Substructure detection¶
A good indication that the substructure has been correctly determined is if the threshold (i.e. CFOM in the case of SHELXD) has been reached before the maximum number of cycles has been performed: the report summary for the Substructure detection step will state this. A division of trials in the Distribution of CFOM (Figure 7) is also an encouraging indicator: the graph shows the separation of incorrect (lower CFOM) trials from correct (higher CFOM) solutions. This division can also be observed as clustering in a graph of CC against CCweak where the trials (shown in circles) in the the top right indicate correct solutions with higher values of CC and CCweak. However, some datasets, especially those with small anomalous signals, show little discrimination between the CFOM of solutions and of wrong substructures. The graph of occupancies versus atom number details the number of significant peaks that have been found and can be used cautiously to indicate the number of substructure atoms and protein molecules in the asymmetric unit.
Density modification and poly-alanine trace¶
The results and summary of running density modification and initial model building for both substructure enantiomorphs is presented. A significant difference in between both hands for the correlation coefficient in model building (Figure 9),
contrast (Figure 11) and
residues built (Figure 10),
chain length (Figure 12) are promising sign.
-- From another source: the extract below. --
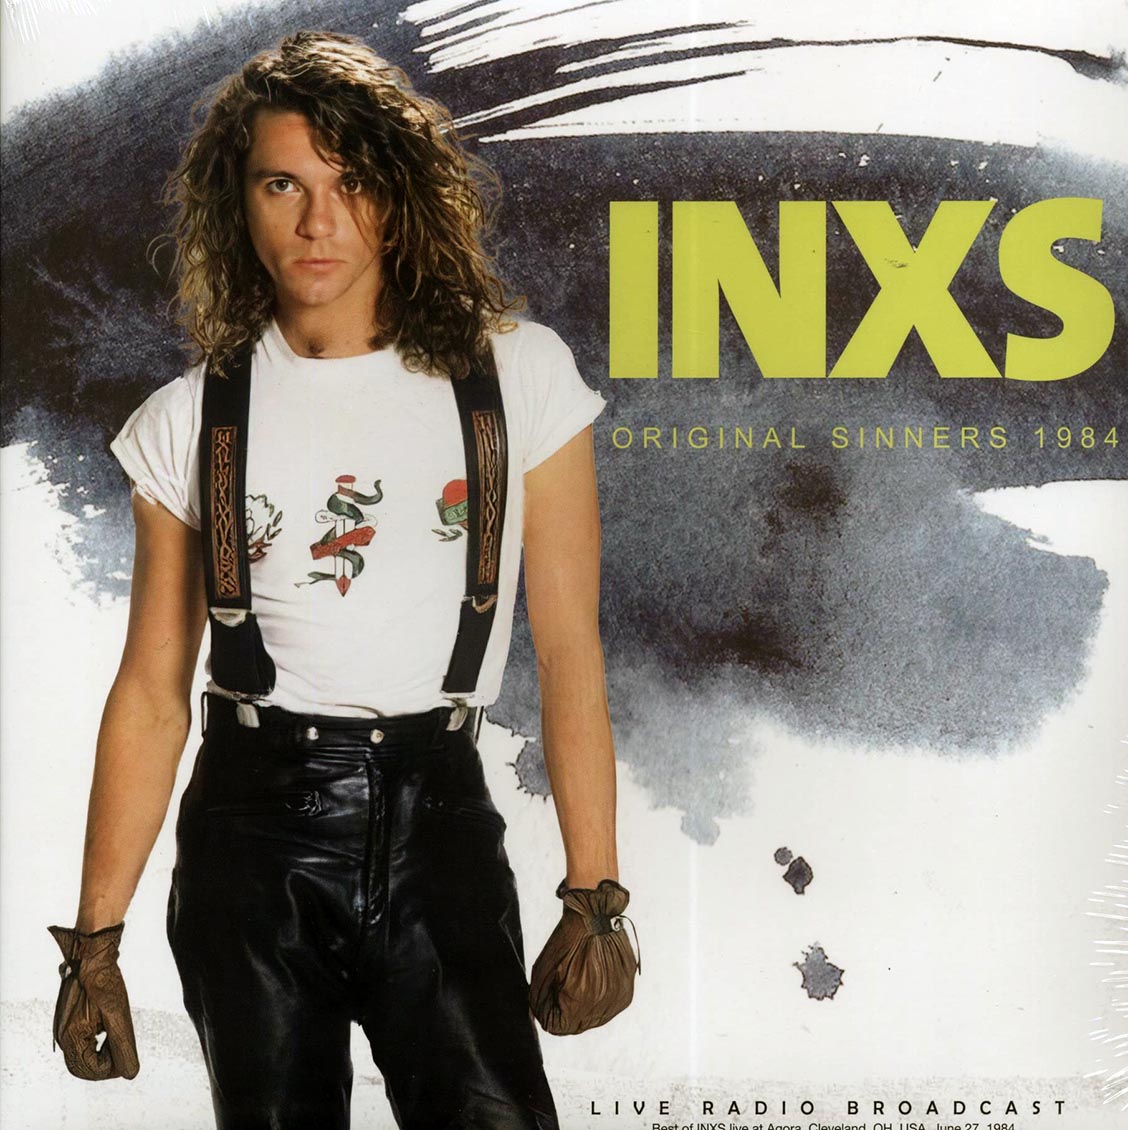 INXS - Original Sinners 1984: Live At Agora, Cleveland - Vinyl LP

The most important number output by shelxe is the CC for the traces against the native data. If this is greater than 25%, the structure is probably solved. This is still true even if a totally incorrect protein sequence has been provided!
Model building¶
The model building summary (Figure 13) will indicate whether a majority of the model was correctly built. In the graphs, an R-factor under 40% and a large number of residue built in a small number of fragments are good indication of success.
Model refinement¶
Finally, the model refinement summmary (Figure 14) quotes the R-factors versus the cycle number: lower R-factors (underneath 40%) are a good indication and a small difference between the working and free R-factors is positive. In general, the R-values should plateau - if this hasn’t occurred, and the R-factors are still going down, more refinement steps can further improve the model.